- **What to produce**:
Transcribe the listing verbatim, please, with images dropped.

- **Provided material**:
╔══

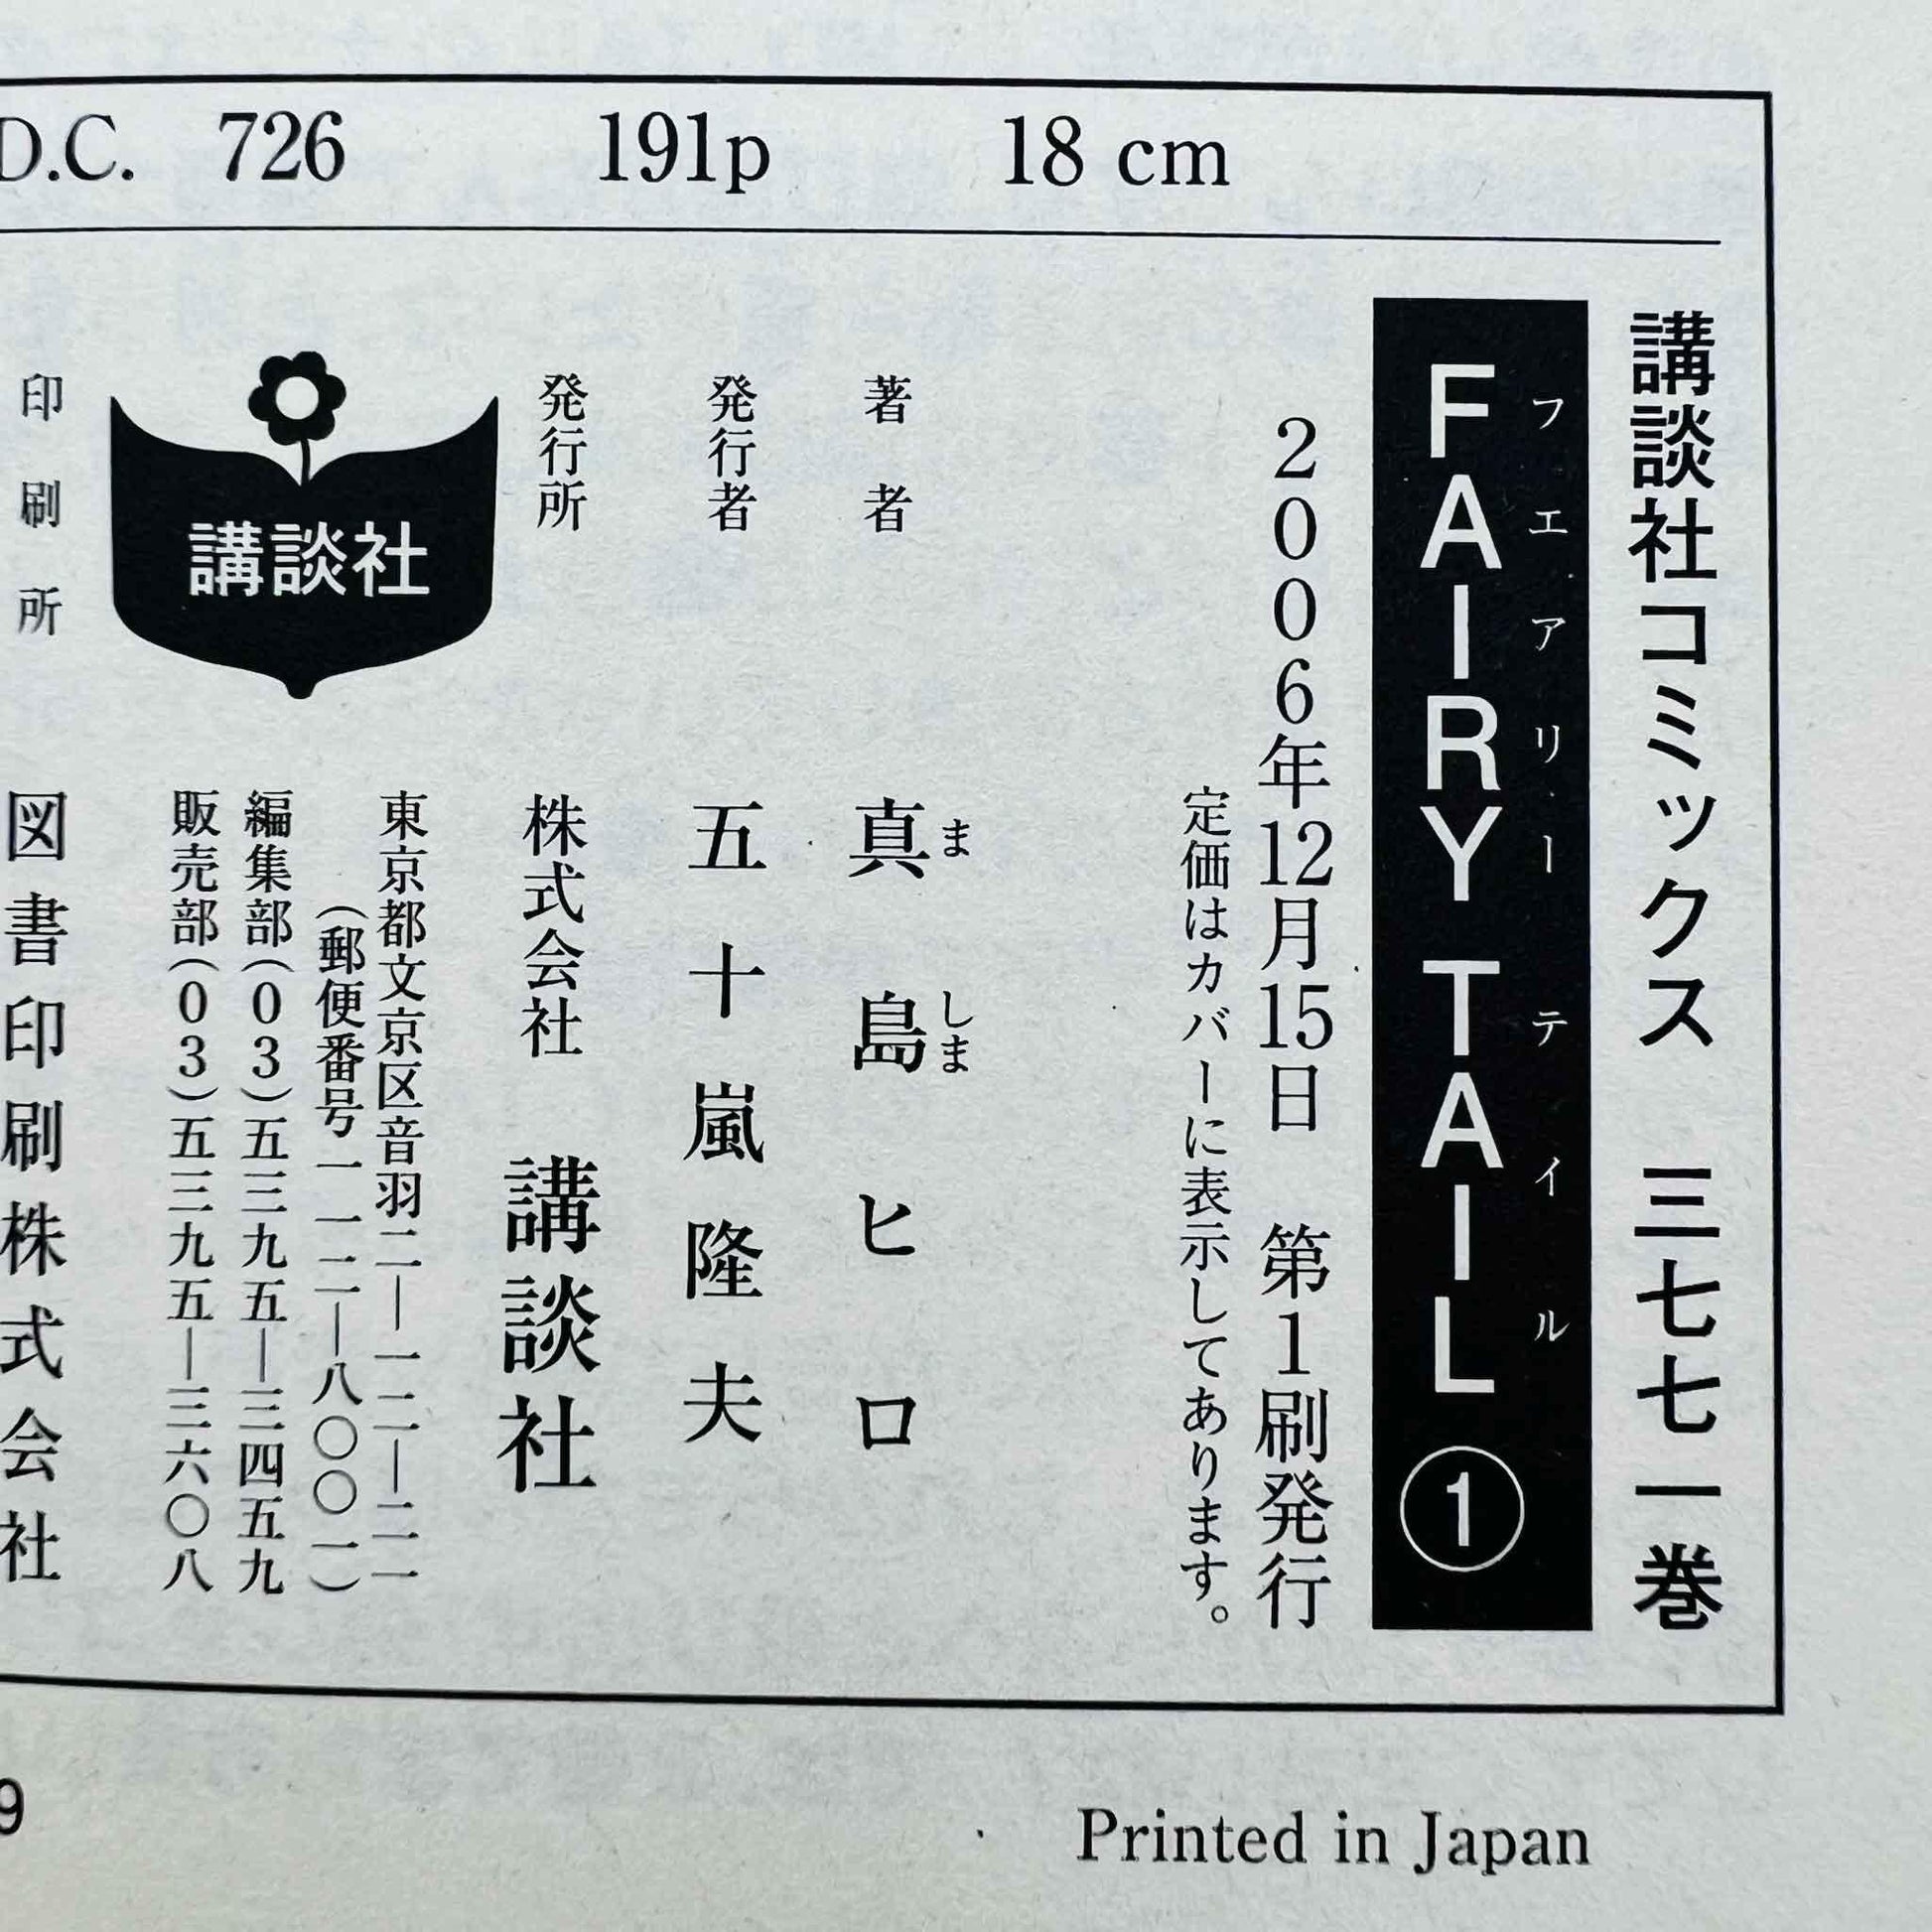 Fairy Tail - Volume 01 - 1stPrint.net - 1st First Print Edition Manga Store - M-FAIRY-01-003
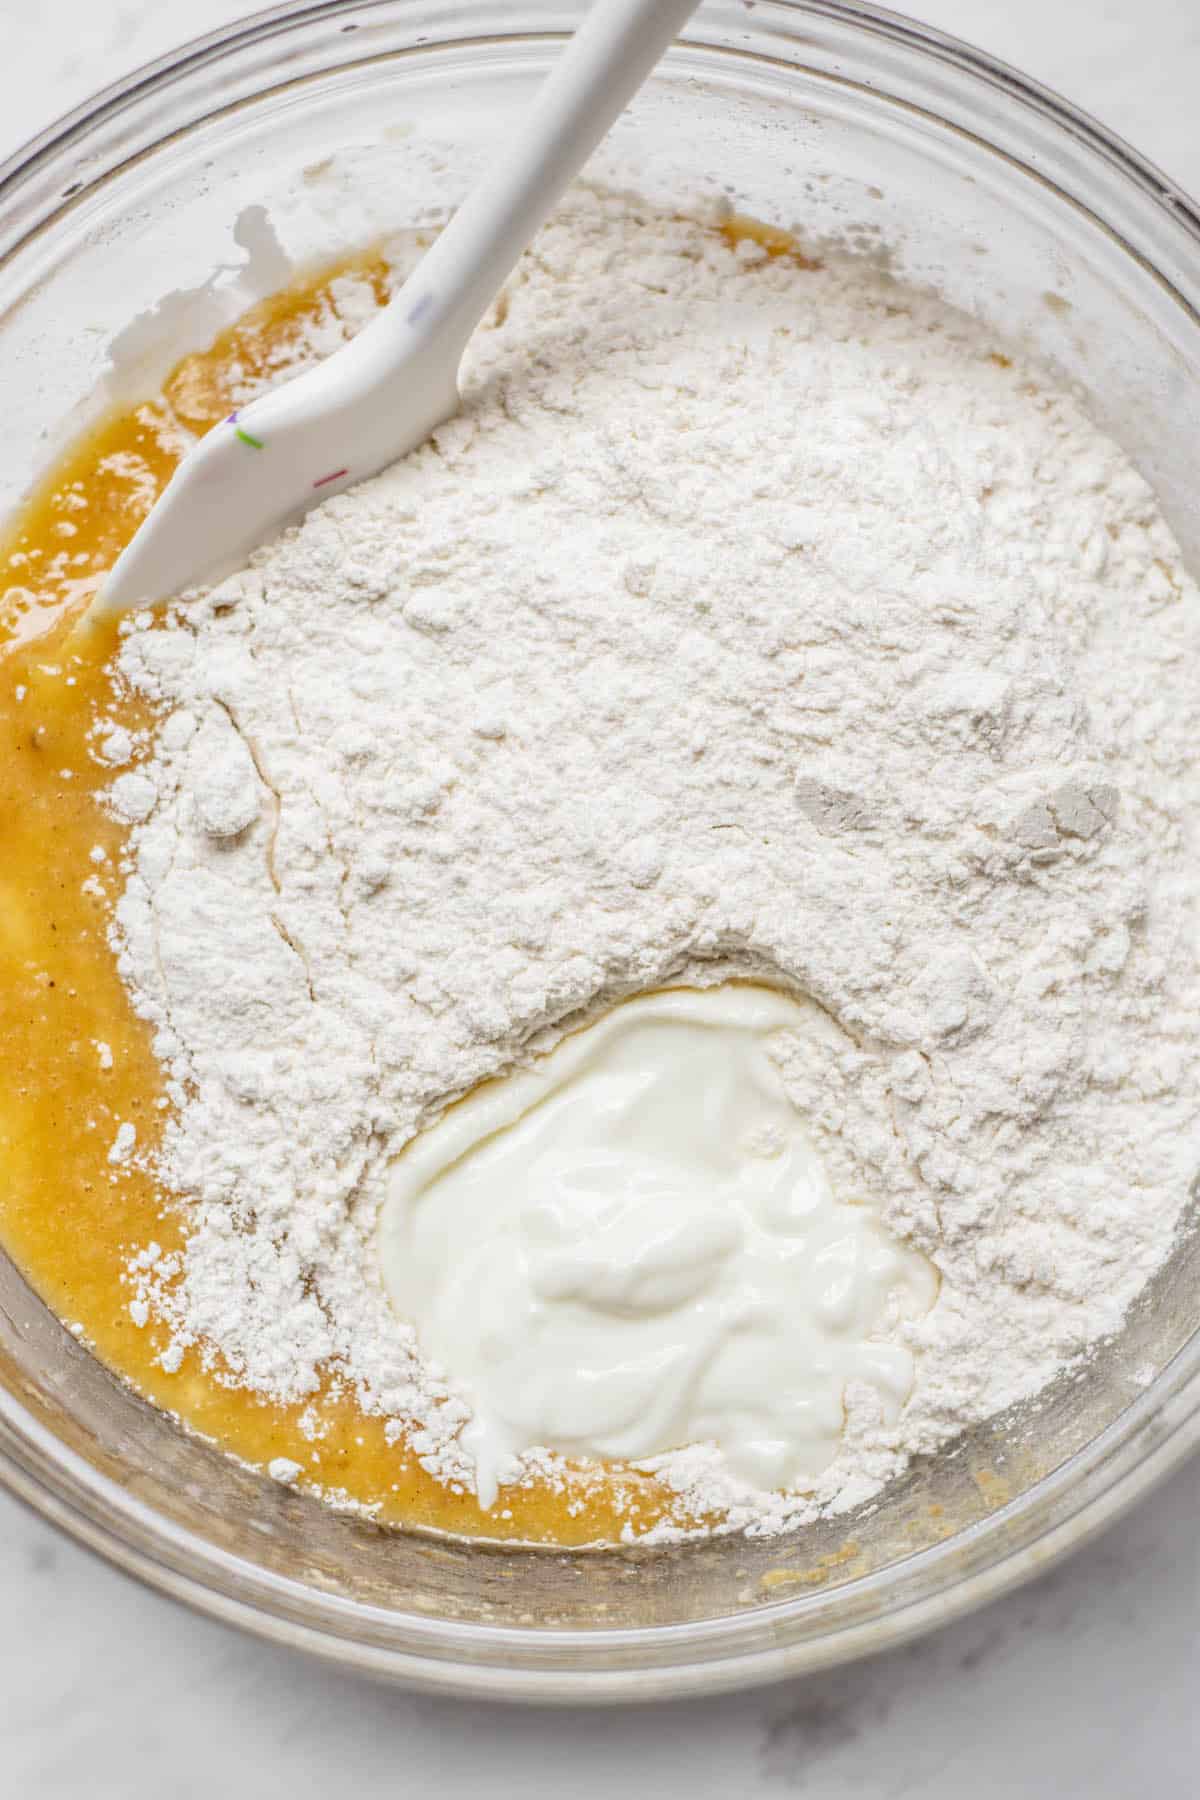 flour, yogurt in batter.
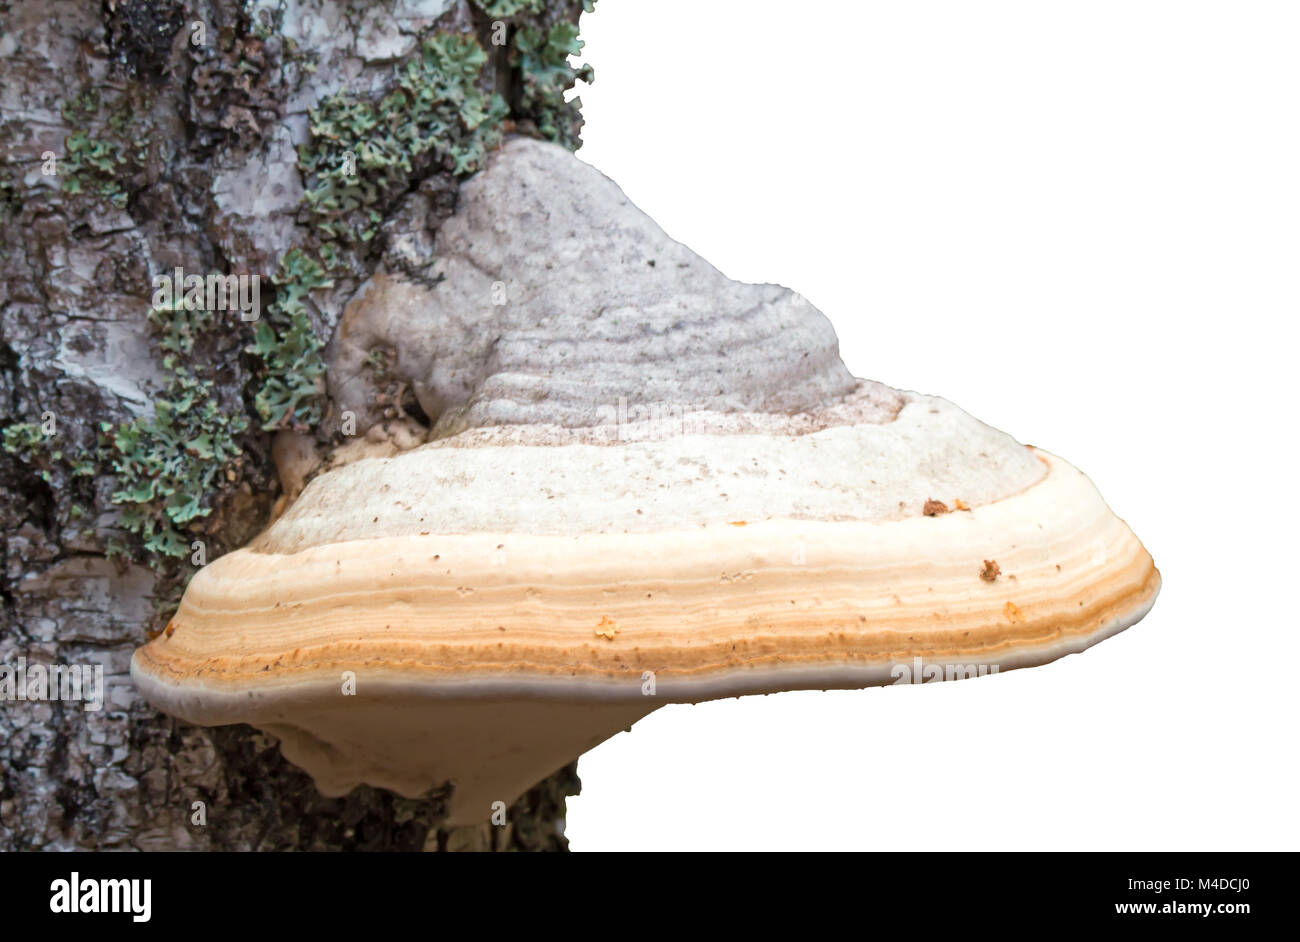 Tinder fungus grows on birch. Stock Photo

╚══

- **Task response**:
 Fairy Tail - Volume 01 - 1stPrint.net - 1st First Print Edition Manga Store - M-FAIRY-01-003
 flour, yogurt in batter.
 Tinder fungus grows on birch. Stock Photo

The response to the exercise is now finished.